ODI campaign against MTO 'super tax' pays off - CNBC Africa

ODI campaign against MTO 'super tax' pays off

Special Report

by Trust Matsilele 0

African diaspora are being charged twice as much as other regions for money transfer. PHOTO: Getty Images

“We do welcome the decisions of some African countries such as governments of Senegal, Nigeria and Ghana to revoke exclusive arrangements with MTOs. We hope fellow African countries will follow the example given,” Maria Quattr, a joint author in the report on remittances to Africa told CNBC Africa.

“Africans are paying twice as much as other regions when sending money to Africa.
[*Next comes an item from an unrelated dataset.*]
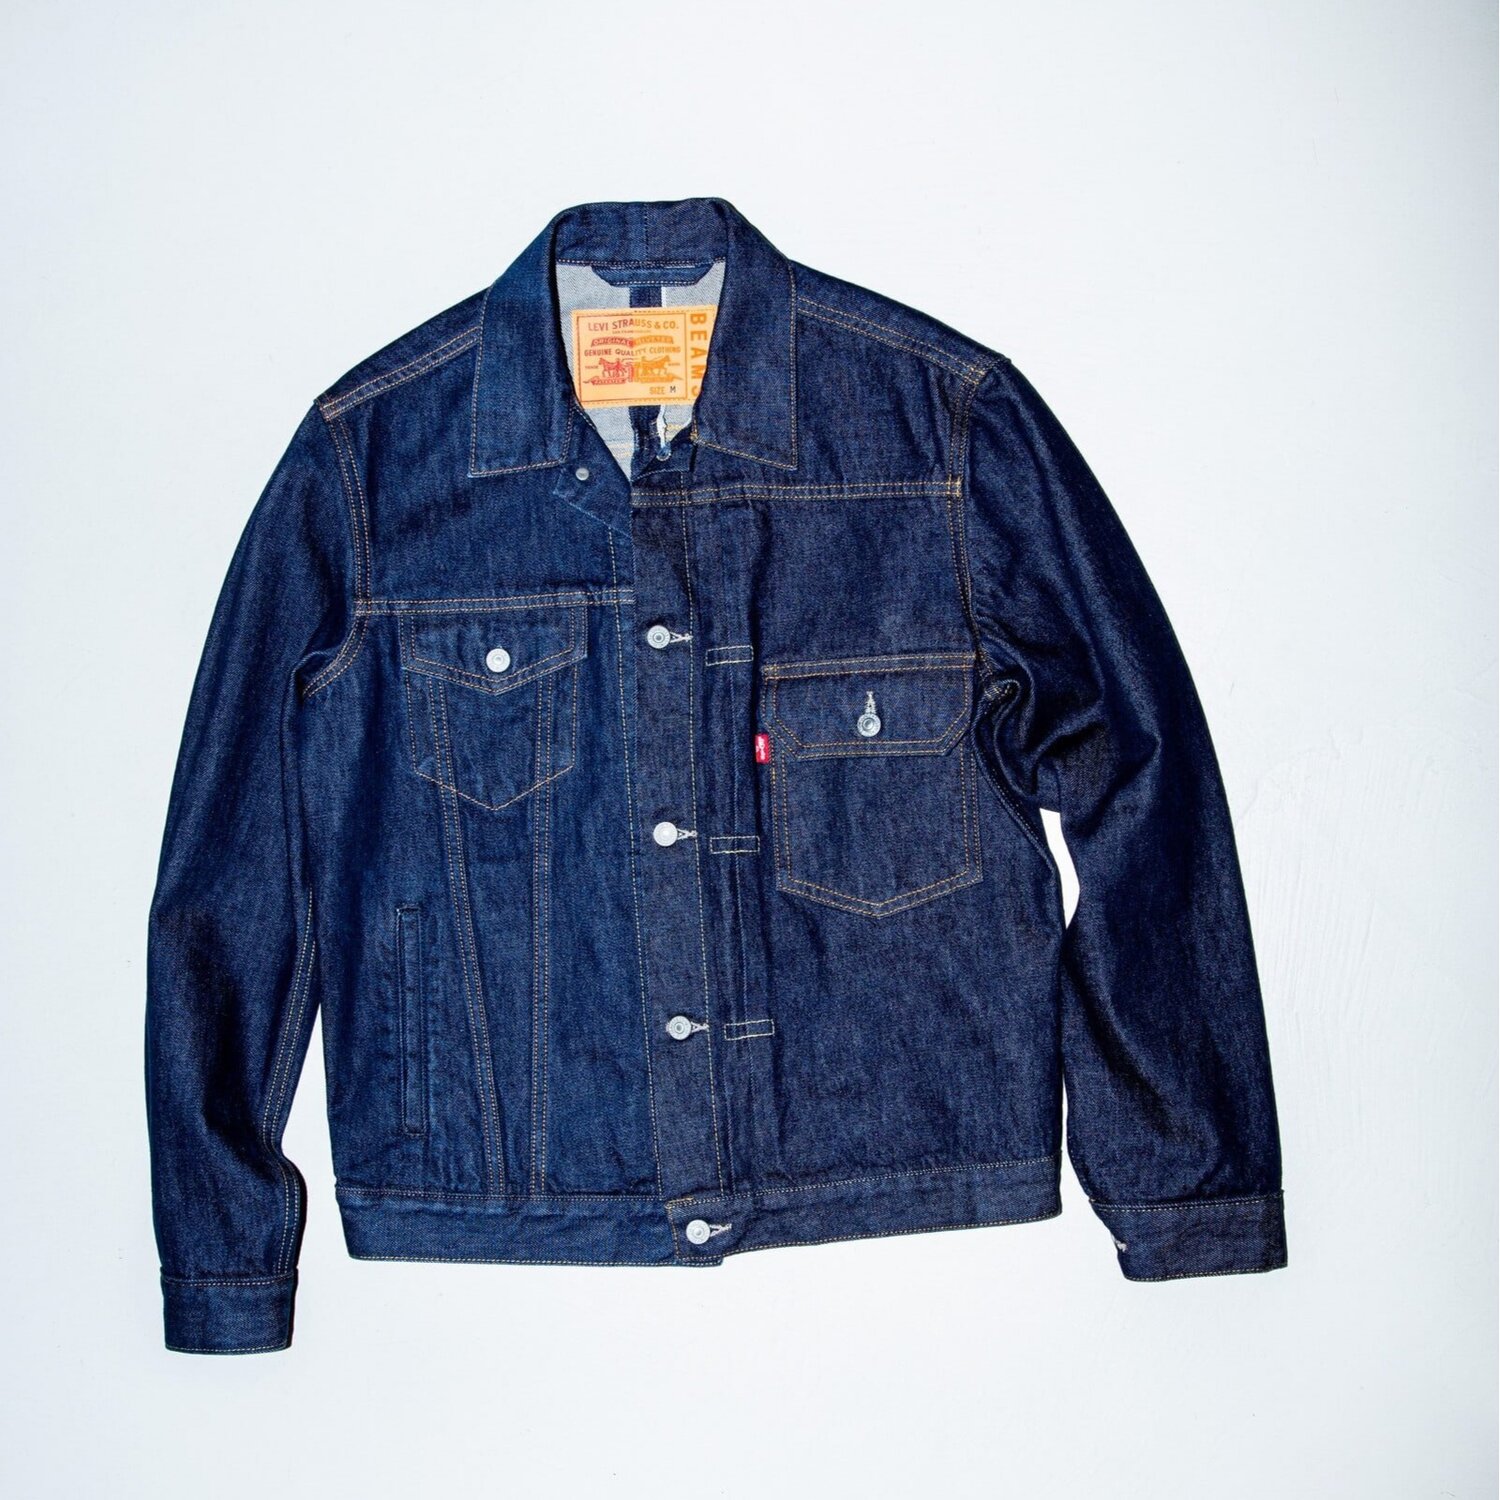 BEAMS and Levi's Split Classic Jeans and Trucker Jackets Down the Middle —  eye_C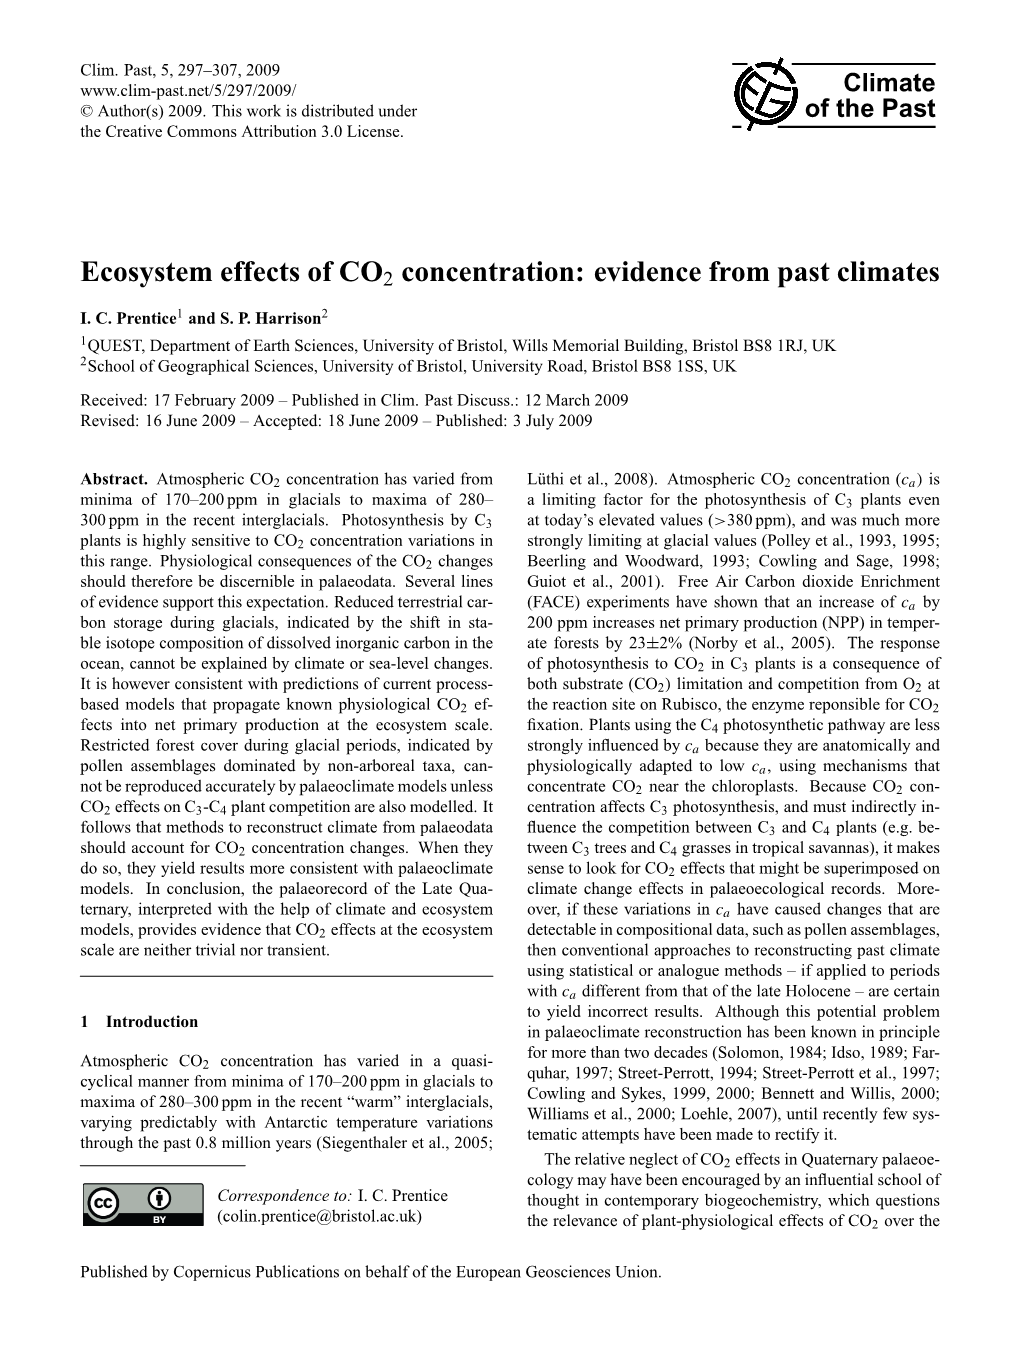 Ecosystem Effects of CO2 Concentration: Evidence from Past Climates

This is affected by less competition and market concentration by mainly two companies.”

(READ MORE: Money transfer agencies accused of fleecing Africans)

The report also noted that restrictive business arrangements are also making it difficult for new players to enter into the market. This is also worsened by lack of transparency in currency conversions.

The United Kingdom’s Overseas Development Institute (ODI) says governments and regulatory authorities in 'sending countries' should do more to promote competition and encourage innovation in the remittances regime.

The companies being accused of swindling African diaspora are MoneyGram and Western Union.

(WATCH VIDEO: High costs hurting African remittances)

Quattr urged financial regulators in the United States and United Kingdom to investigate the activities of money transfer operators so as to ensure that consumers are not harmed by these MTOs.

“We conservatively estimate that the two companies account for 586 million US dollars of the loss associated with the remittance ‘super tax’, part of it through opaque foreign currency charges.”


According to the report, Lost in intermediation, the ‘super tax’ excess fees cost the African continent 1.8 billion US dollars a year which is enough money to pay for the primary school education of 14 million children in the region.

African diaspora workers are paying an average of 12 per cent in fees to transfer money back to relatives in sub-Saharan Africa.

The amounts lost in through transfers could be redirected to other critical sectors such as in supporting health, education, food security and productive investment in agriculture.

African governments have been encouraged to do more to secure a better remittance deal for their citizens.

The global community pledged to cut remittance charges to five per cent by 2014, yet this ‘super tax’ shows there is a long way to go.